▶ _What the task requires_
Print the data below exactly as it appears.

*** Opening Given entries ***

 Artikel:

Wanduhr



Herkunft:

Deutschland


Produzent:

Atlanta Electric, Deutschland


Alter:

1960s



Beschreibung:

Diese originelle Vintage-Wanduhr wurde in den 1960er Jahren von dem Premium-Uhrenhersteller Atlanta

*** Closing Given entries ***

▶ _Solved problem_
 Artikel:

Wanduhr



Herkunft:

Deutschland


Produzent:

Atlanta Electric, Deutschland


Alter:

1960s



Beschreibung:

Diese originelle Vintage-Wanduhr wurde in den 1960er Jahren von dem Premium-Uhrenhersteller Atlanta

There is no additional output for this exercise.